* COLLECTED DATA *

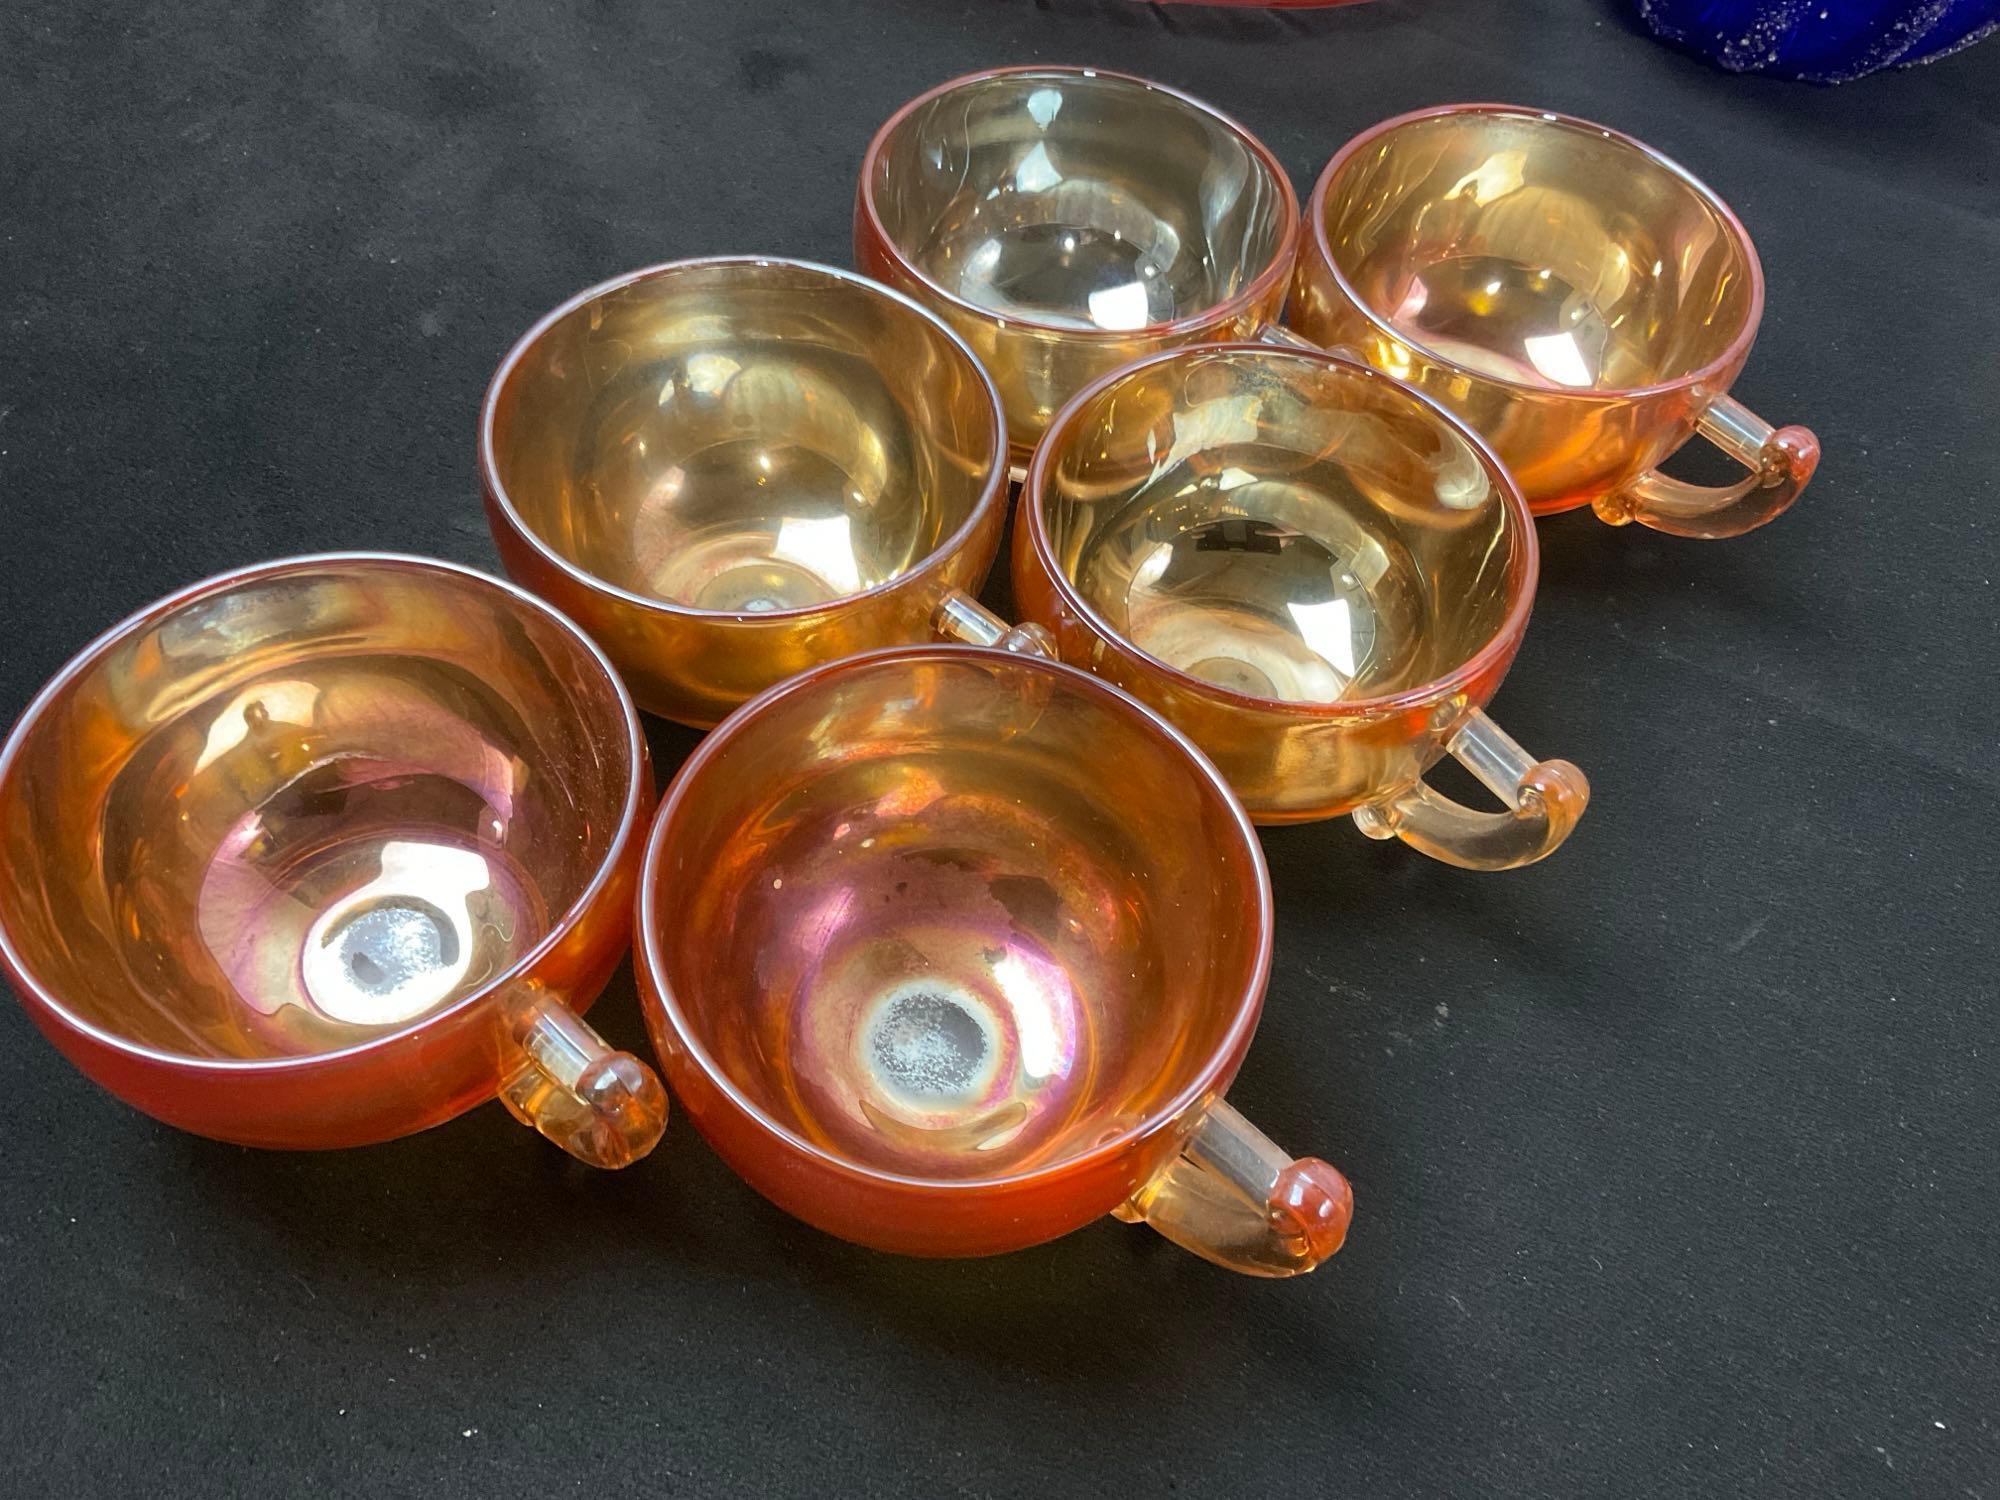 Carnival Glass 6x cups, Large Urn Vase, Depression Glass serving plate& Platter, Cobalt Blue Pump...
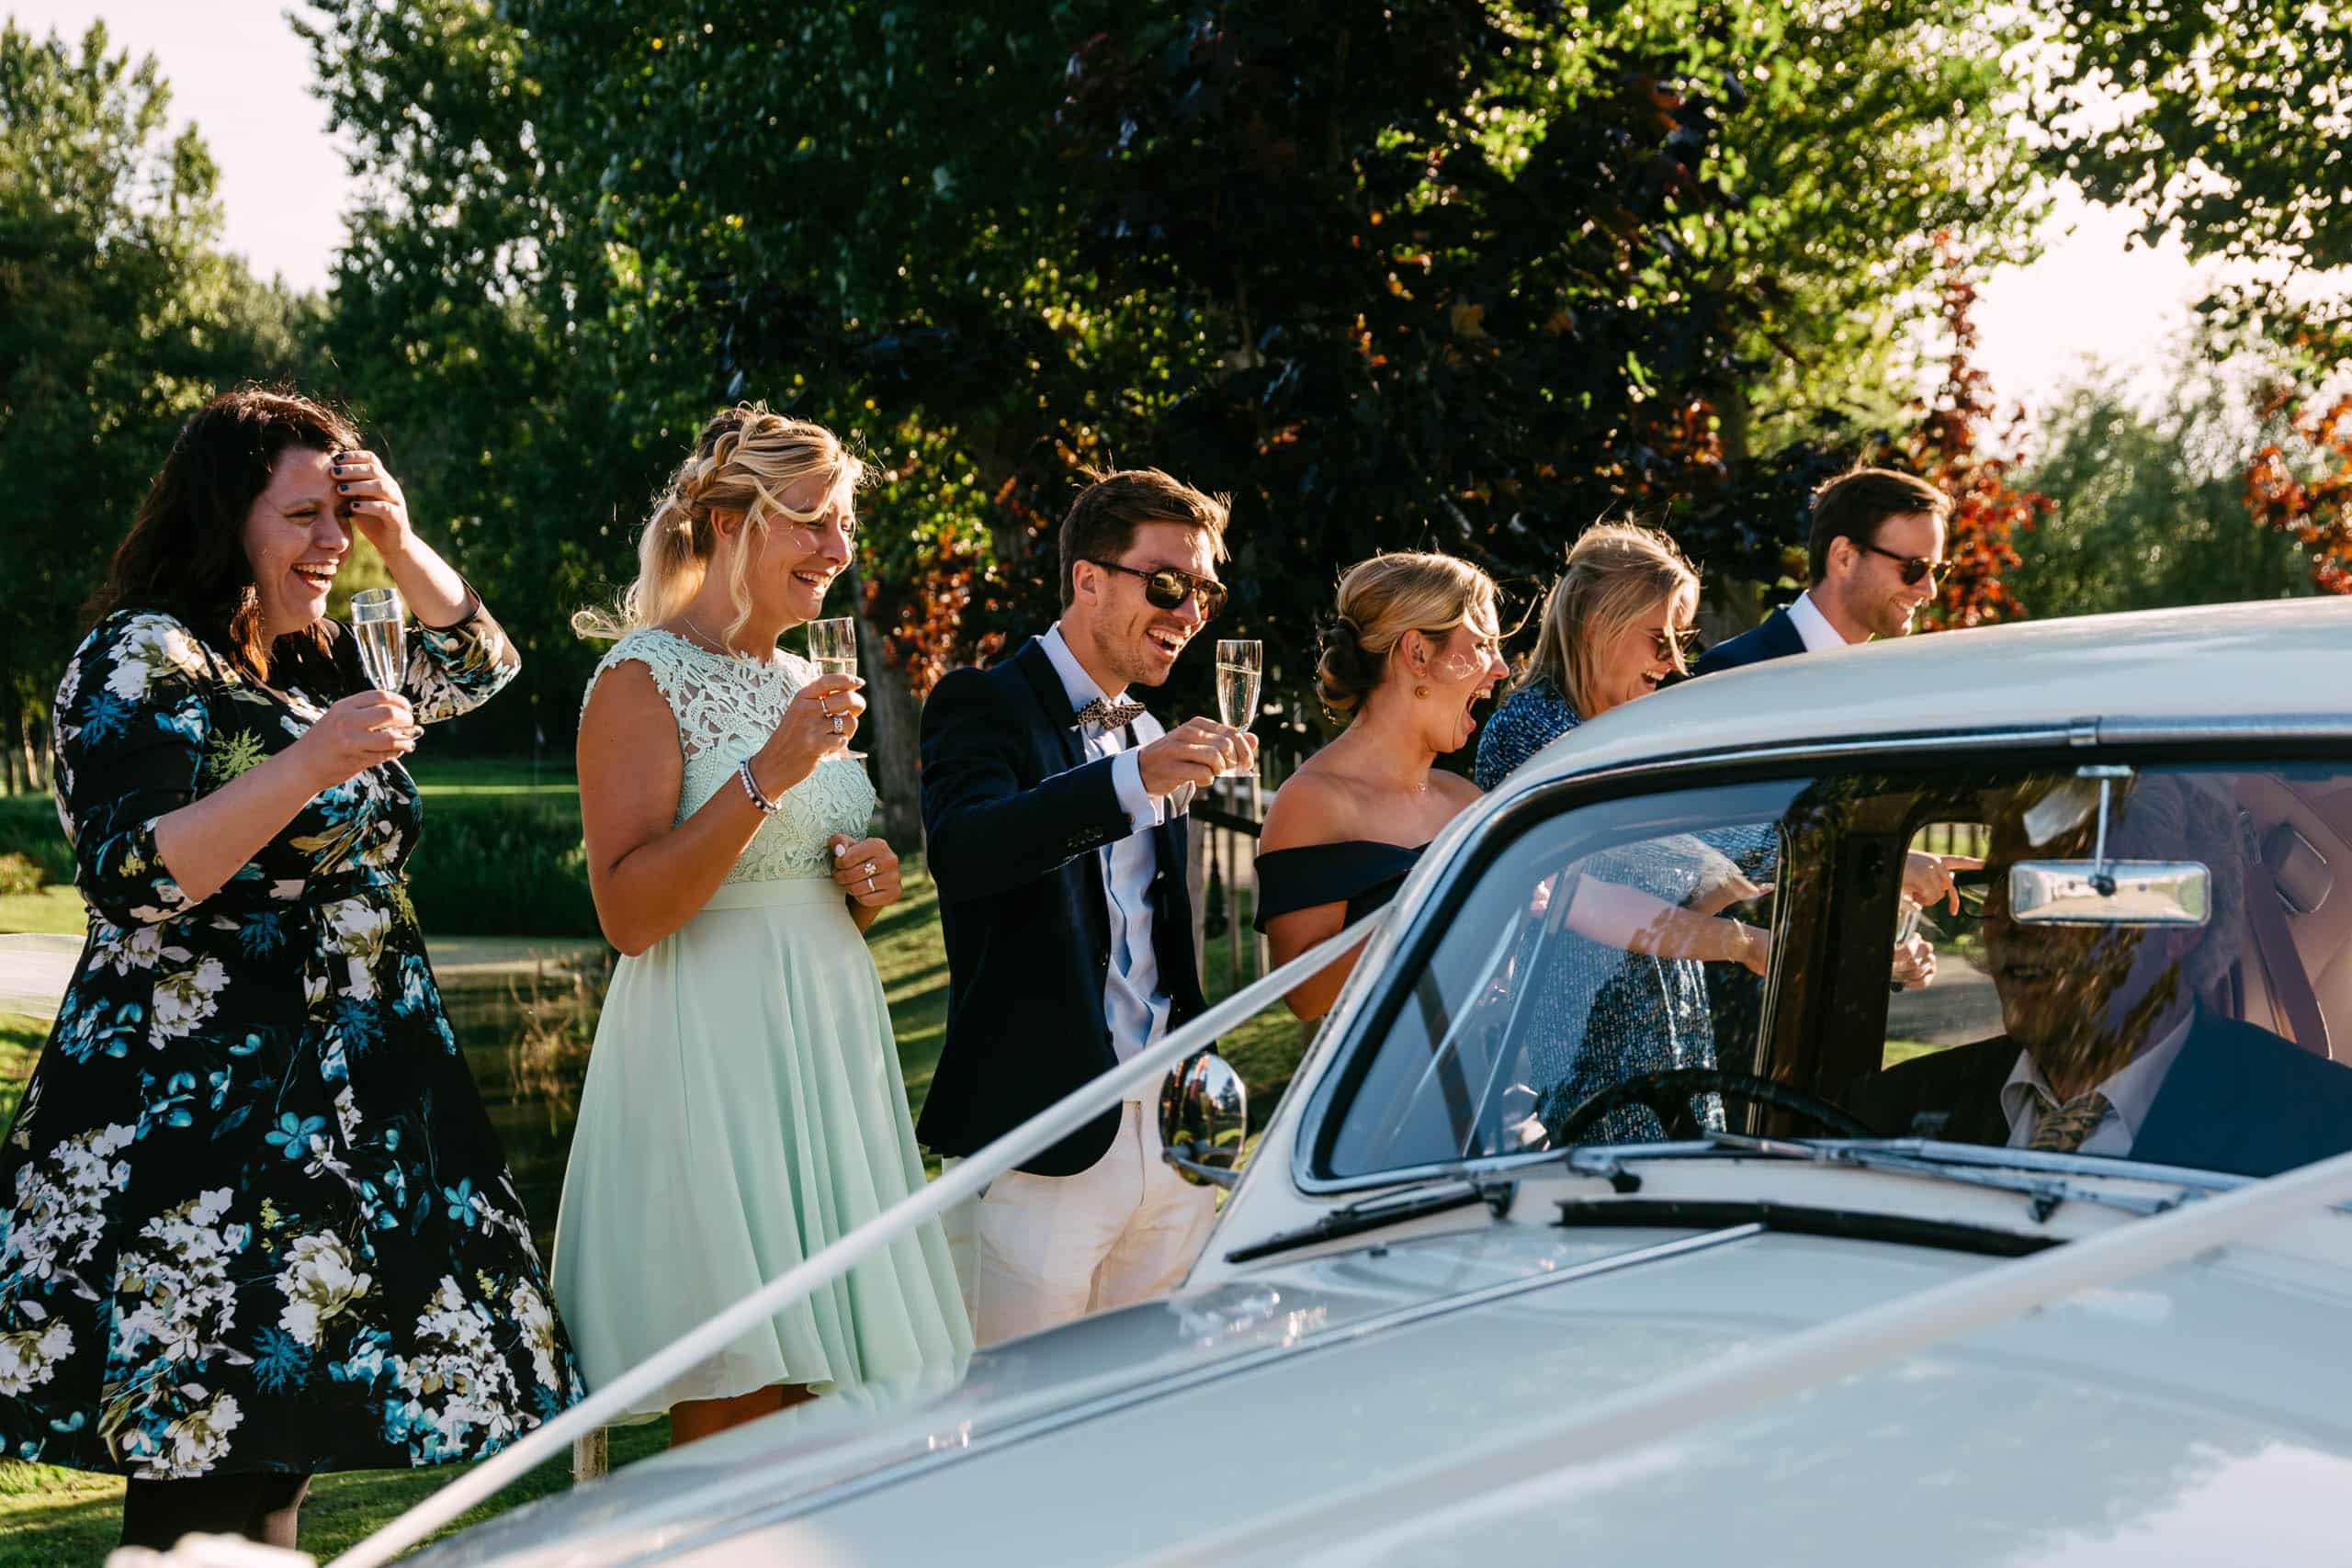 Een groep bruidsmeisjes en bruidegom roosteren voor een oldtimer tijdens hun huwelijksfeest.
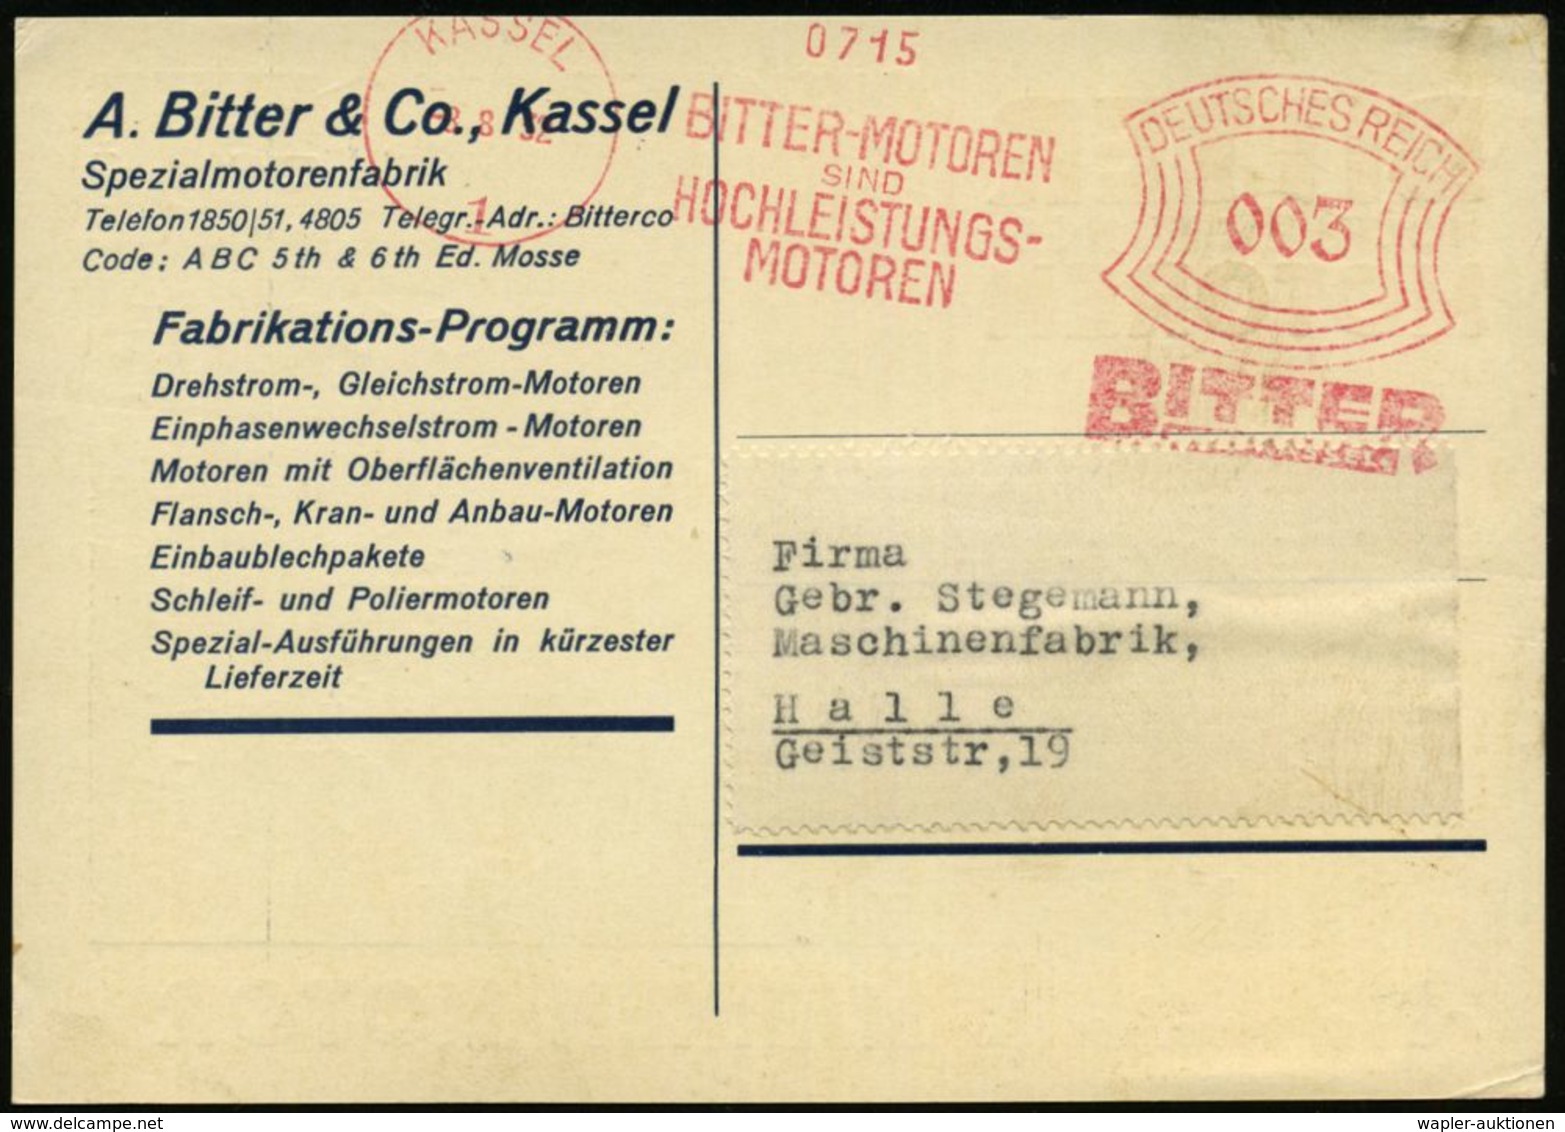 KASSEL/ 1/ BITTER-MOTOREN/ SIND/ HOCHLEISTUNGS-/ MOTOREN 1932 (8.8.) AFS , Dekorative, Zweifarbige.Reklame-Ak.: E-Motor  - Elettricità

* WHAT YOU NEED TO DO *
Repeat the listing above exactly, with no pictures.

* COMPLETED EXERCISE *
 Carnival Glass 6x cups, Large Urn Vase, Depression Glass serving plate& Platter, Cobalt Blue Pump...
 Een groep bruidsmeisjes en bruidegom roosteren voor een oldtimer tijdens hun huwelijksfeest.
 KASSEL/ 1/ BITTER-MOTOREN/ SIND/ HOCHLEISTUNGS-/ MOTOREN 1932 (8.8.) AFS , Dekorative, Zweifarbige.Reklame-Ak.: E-Motor  - Elettricità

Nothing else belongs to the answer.